UKIP had seven members elected to the Welsh Assembly at the 2016 election. Following multiple defections, there was only one UKIP Assembly member (now Member of the Senedd, MS) by the time of the 2021 Senedd election:
- Neil Hamilton

Nathan Gill was elected in 2016, but left the Assembly group later that year to sit as an Independent.
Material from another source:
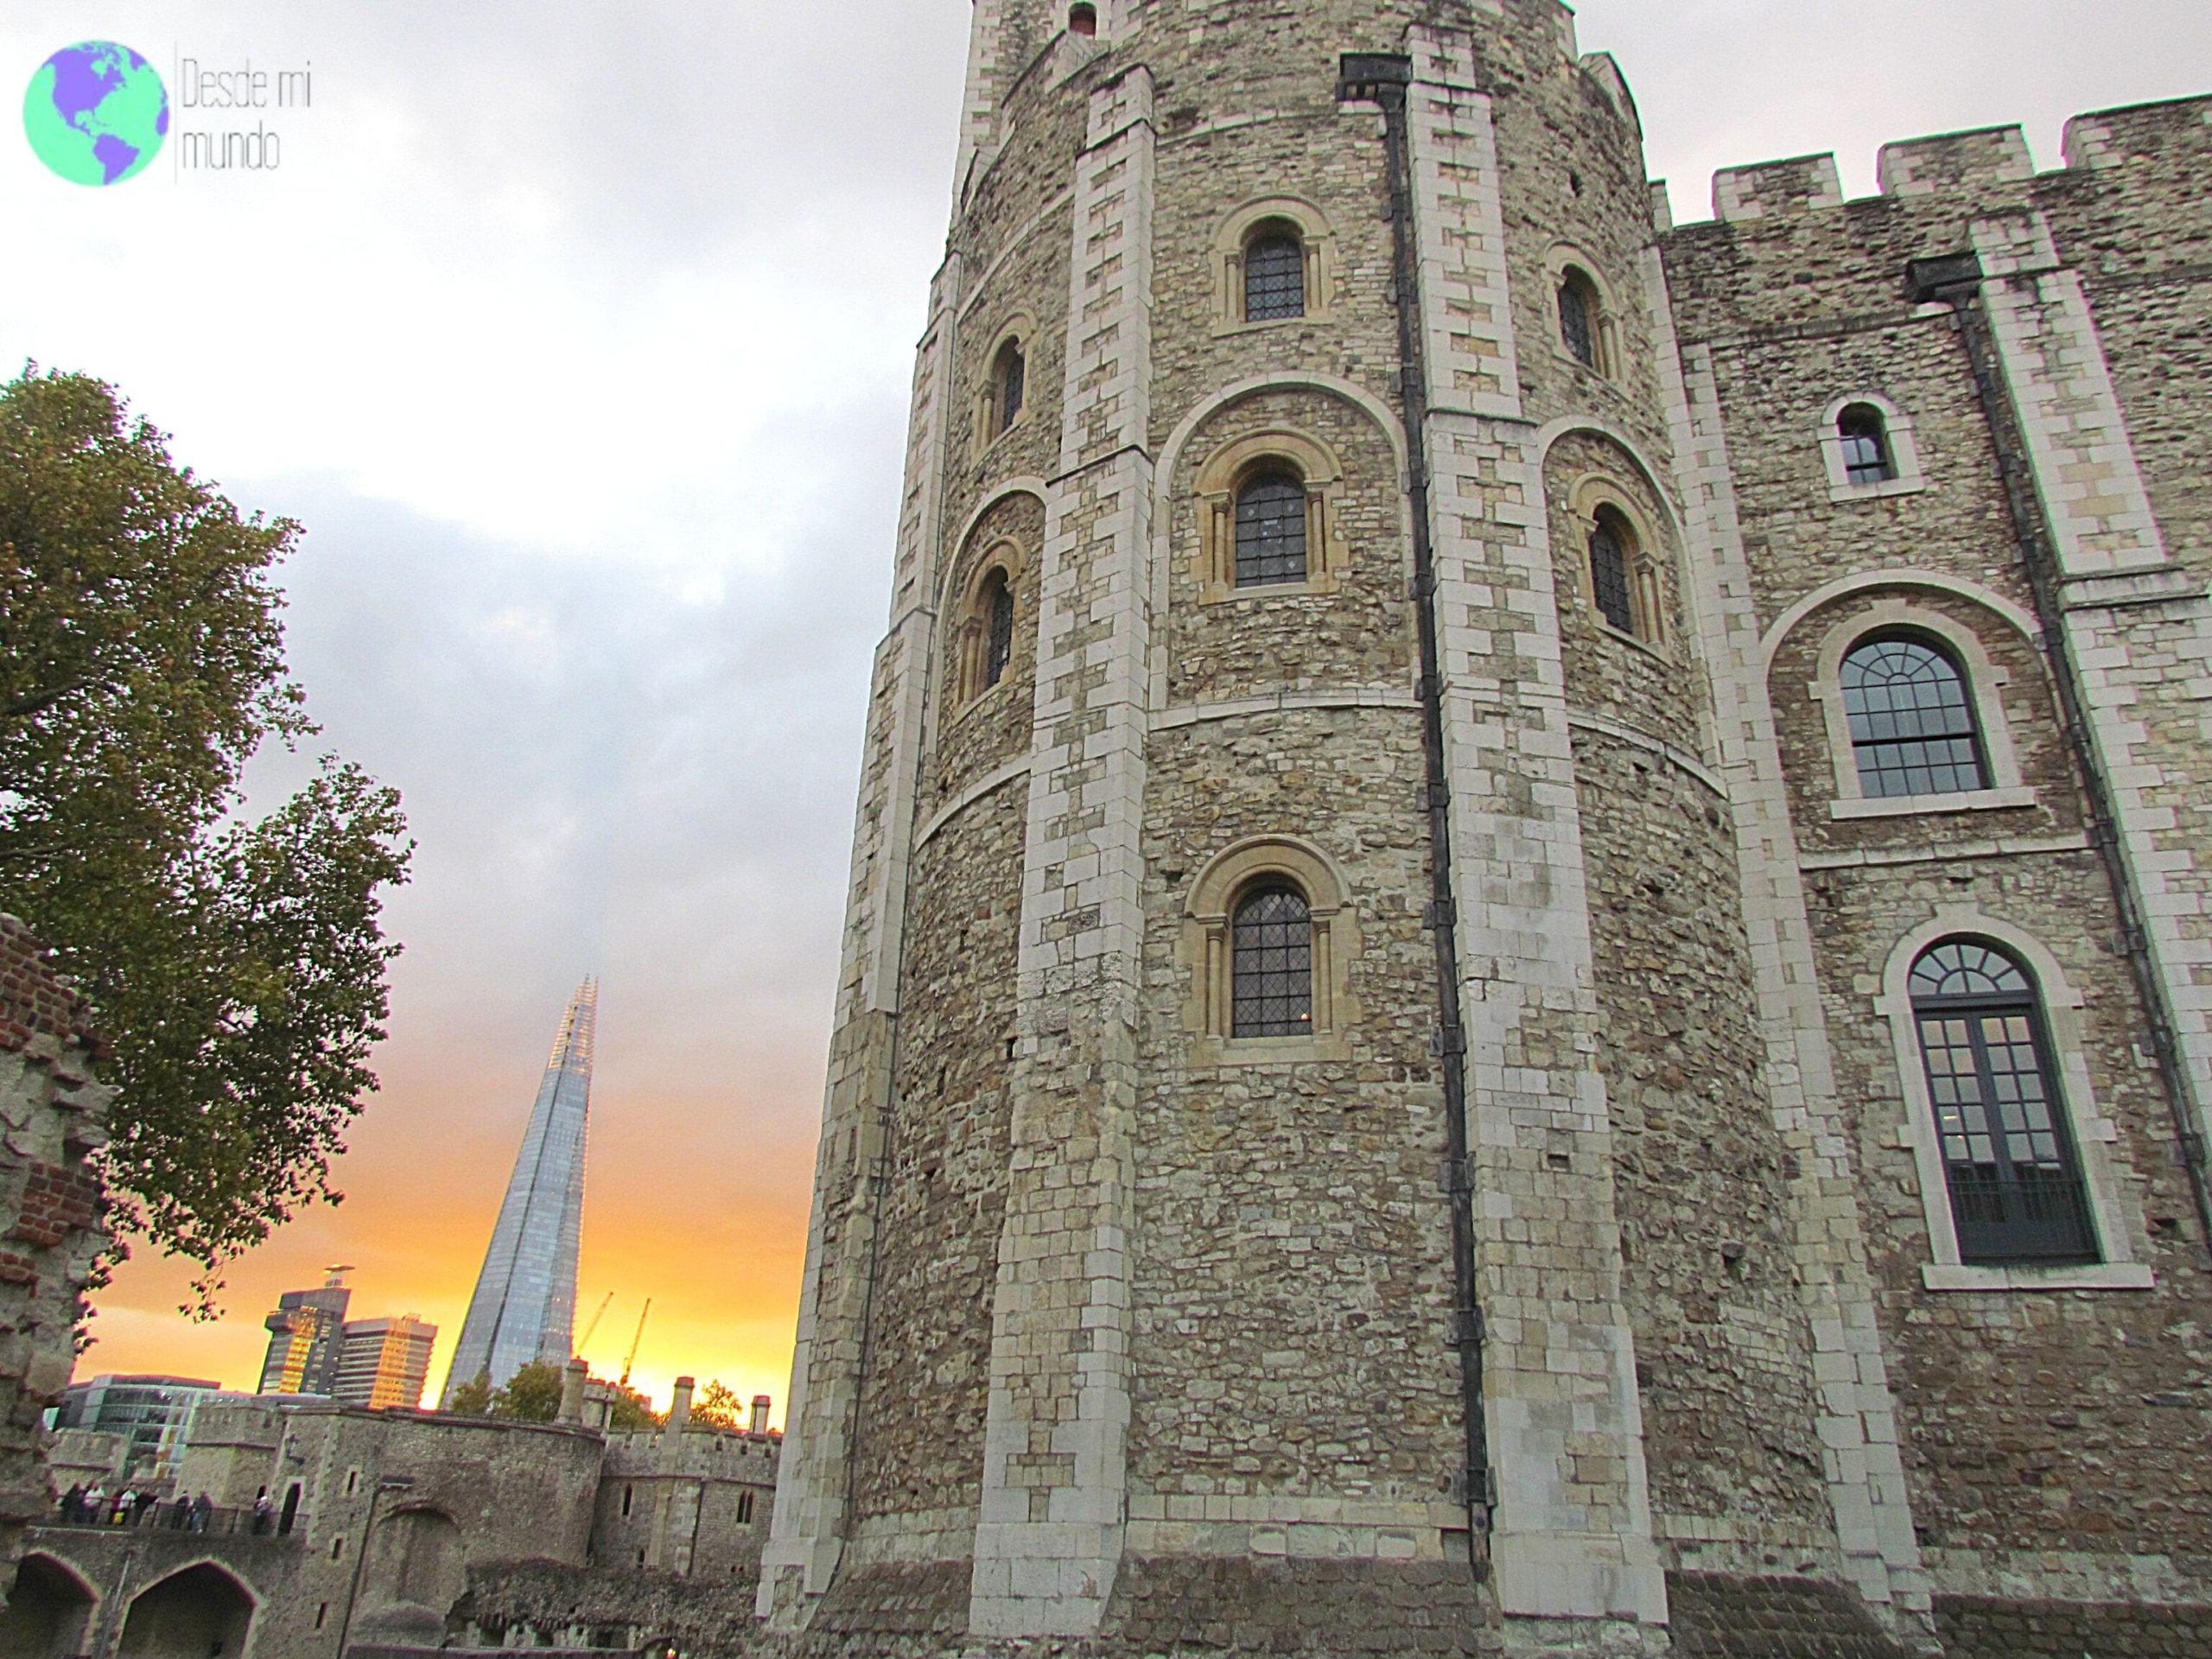 London Tower - Escala en Londres - Desde mi mundo Blog de viajes

Mark Reckless was elected in 2016, but defected to the Welsh Conservative Party in 2017. Caroline Jones resigned from the party in 2018. Several former UKIP Assembly members moved to the Brexit Party in 2019. On 7 Nov 19 Gareth Bennett became an independent member, until 24 June 2020, as he later joined the Abolish the Welsh Assembly Party, a single-issue anti-Welsh Devolution party.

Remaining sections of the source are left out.